All’ottenimento di queste fondamentali skills ha contribuito l’aver testato le nuove canzoni durante 9 concerti tenuti a New York nel gennaio del 2015. Il banco di prova fornito dalla reazione dei fan americani (e non di casa) è stato un modo furbo ed efficace per correggere successivamente le cose che funzionavano di meno, in alcuni casi portando al riarrangiamento completo dei pezzi che giravano meno bene. Non che la componente live non abbia il suo peso anche qui. I Need Something New è stata letteralmente scritta on stage sotto una parte recitata da Beth e poi elaborata per un intero anno dal resto della band a partire dall’improvvisazione di quel momento. Tra parentesi, non è l’unica canzone che risente dell’influenza degli Swans, con cui le Savages hanno stretto un rapporto di reciproca stima e da cui per Adore Life hanno mutuato più di qualcosa nel loro sound, in aggiunta ai classici riferimenti come Siouxsie And The Banshees e Joy Division.

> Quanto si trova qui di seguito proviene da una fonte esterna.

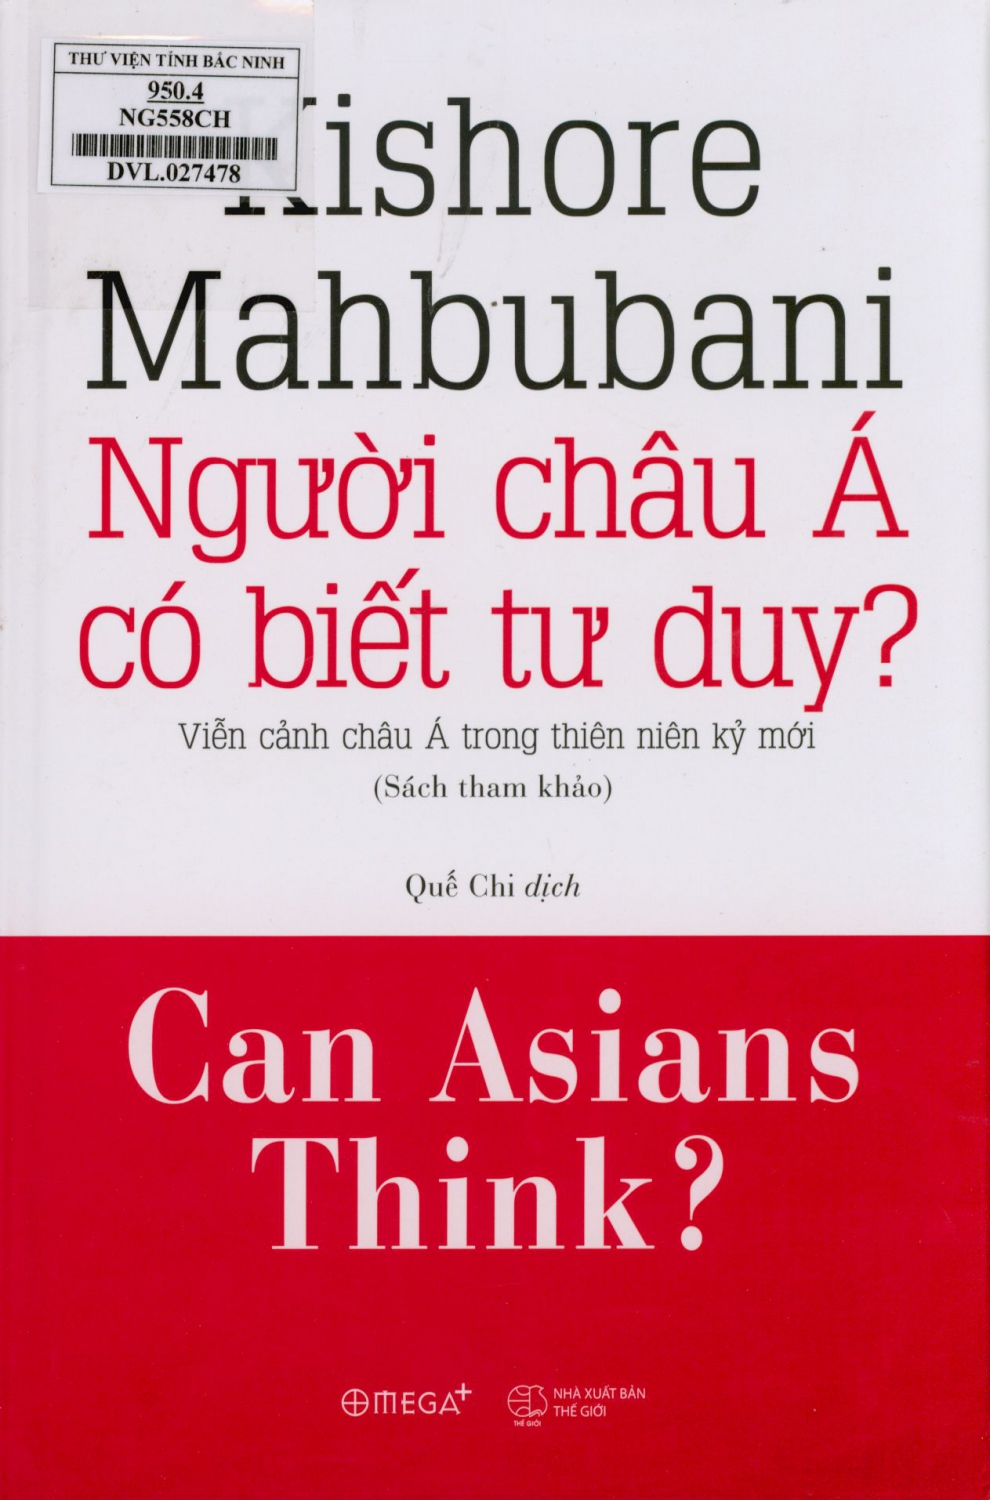 Người châu Á có biết tư duy?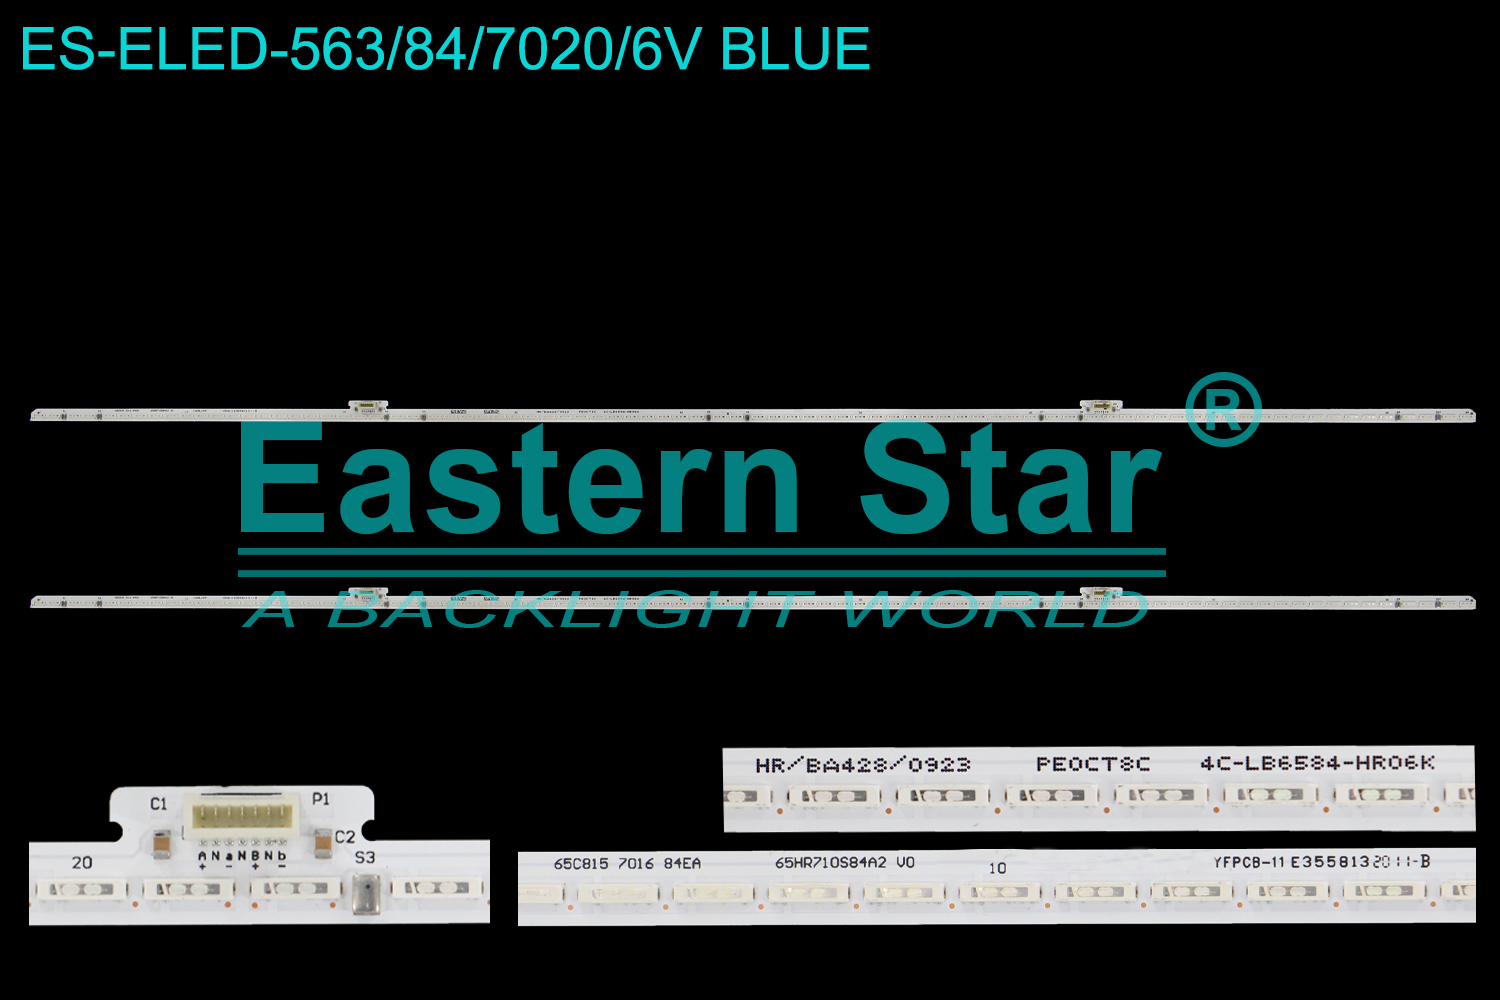 ES-ELED-563 ELED/EDGE TV backlight use for 65'' Tcl /Thomson 65C815  7016 84EA  65HR710S84A2 V0  4C-LB6584-HR06K LED STRIPS(2)

Savages performing live on stage at the 10th edition (2015) of the Latitude Festival in Southwold, Suffolk

Detto ciò, questa ‘bestia’ si regge su tutti e 4 gli elementi della band in parti uguali, oggi come non mai. Il wall of sound sporco e riverberato della minacciosa Surrender o il mid-tempo della sinuosa e Nick Cavesca Slowing Down The World ci mostrano un gruppo estremamente coeso, in cui il peso certamente maggiore di Beth e Thompson viene diluito da un basso più aggressivo che in passato, pesante e sempre molto carico, e da una batteria precisa che batte senza sosta suonando magnificamente semplice anche nei momenti più tirati. Il fatto che a differenza di Silence – registrato dal vivo – Adore Life veda ogni membro suonare la propria parte da solo, ha permesso a tutte e quattro di spingere e sperimentare il più possibile. Le stesse parti vocali (che pur nulla hanno perso in potenza) sono diventate più ‘cattive’ tanto quanto a tratti intriganti, conquistando un’estensione ancora maggiore.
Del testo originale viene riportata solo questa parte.